Da Foligno a Montecopiolo, il Giro finalmente vedrà i ciclisti alle prese con le montagne. Tappa in cui sarà forte il ricordo del Pirata , con il Cippo di Carpegna, sul quale si allenava con costanza. La classifica sarà rivoluzionata

Tanta pianura e tre salite in rapida successione da mozzare il fiato per un finale pirotecnico nell'ottava tappa: la Foligno-Montecopiolo (provincia di Pesaro-Urbino) di 179 km, segna l'arrivo nel Giro della montagna che conta. E sarà una frazione intrisa del ricordo di Marco Pantani, protagonista di queste salite, e scomparso dieci anni fa.

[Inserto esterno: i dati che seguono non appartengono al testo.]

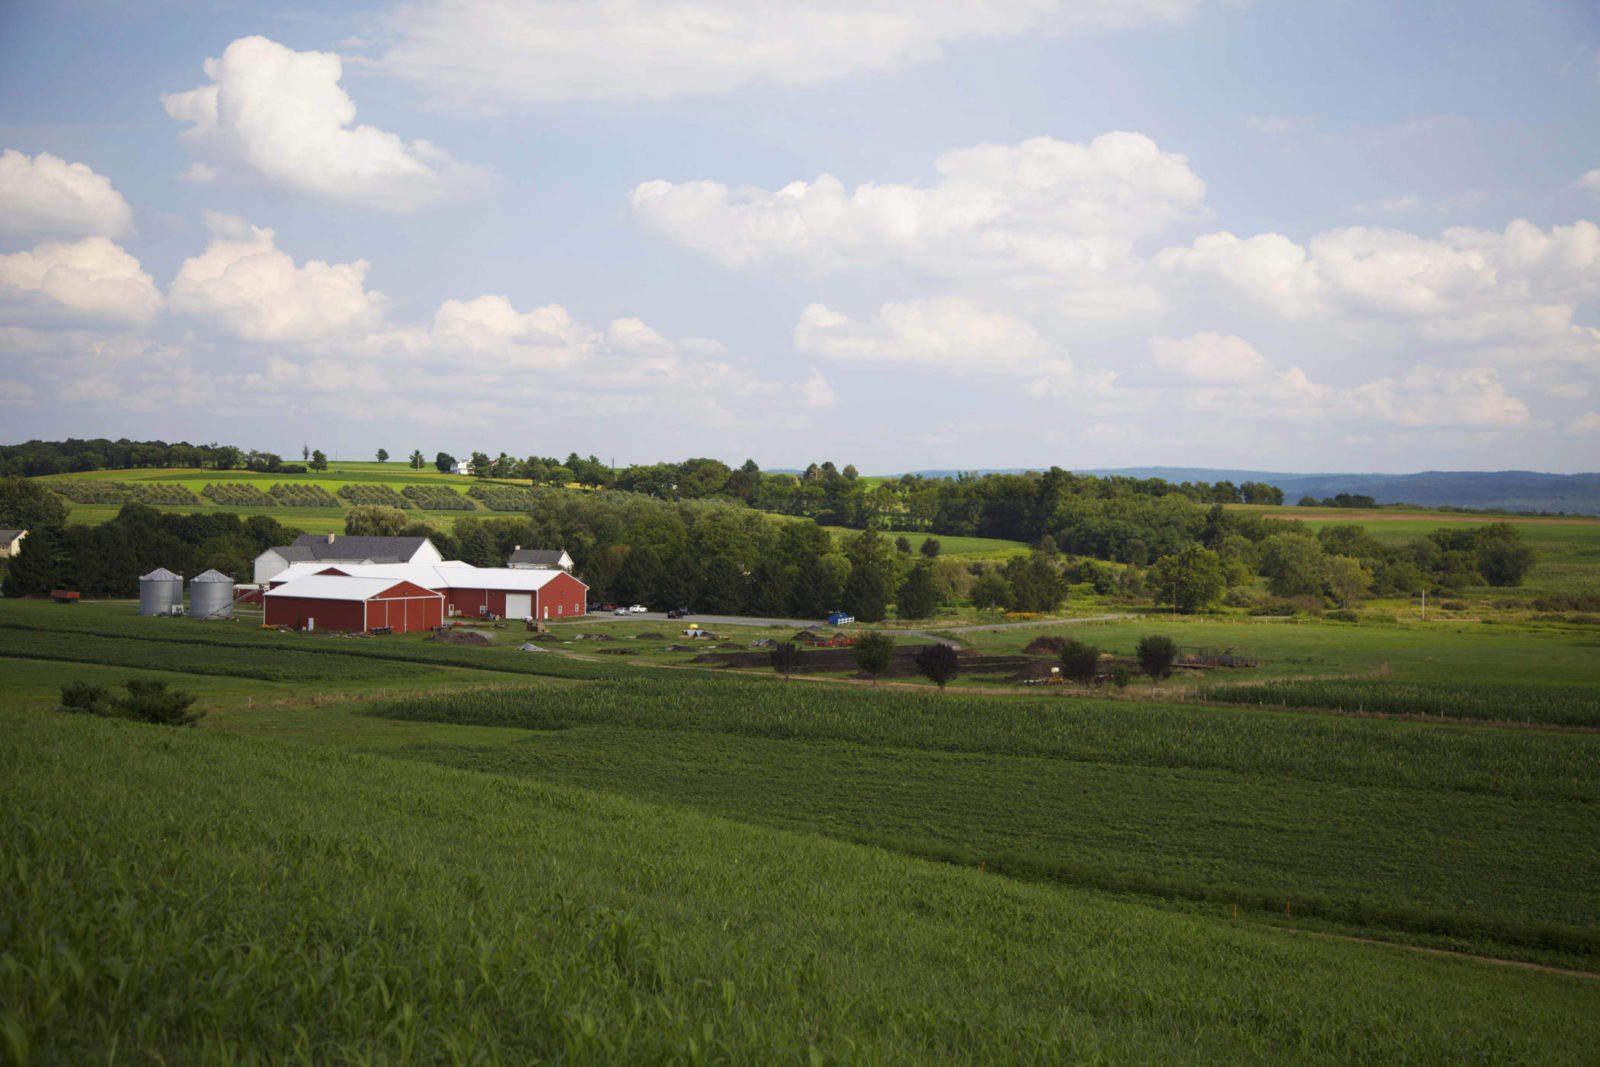 Rodale Institute Farm in Kutztown, Pennsylvania

Dall'Umbria alle Marche, sfiorando la Romagna. La parte iniziale del tracciato non presenta particolari difficoltà, ma negli ultimi 50 chilometri è lecito attendersi battaglia. È una delle tappe di questo Giro in cui forte è l'impronta di Marco Pantani. È sul Cippo di Carpegna, a 1.358 metri sull'Appennnino romagnolo, che il Pirata amava allenarsi: dal bivio al Cippo, uno dei tre gran premi della montagna previsti, ci sono poco meno di otto chilometri con pendenza media dell'otto per cento e punte del 13. La discesa verso valle è molto tecnica, con una carreggiata stretta. Arrivati a Maciano inizia la salita finale, 18 km divisi in due parti: la prima conduce a Villaggio del Lago (a 1000 metri, Gpm di seconda categoria).

La seconda porta all'arrivo di Montecopiolo: due ascese solo un po' meno impegnative (con una punta nella pendenza del 13% a ridosso del traguardo) ma che con il Carpegna nelle gambe potrebbero farsi sentire. Difficilmente, alla fine della tappa,la classifica generale non ne risentirà.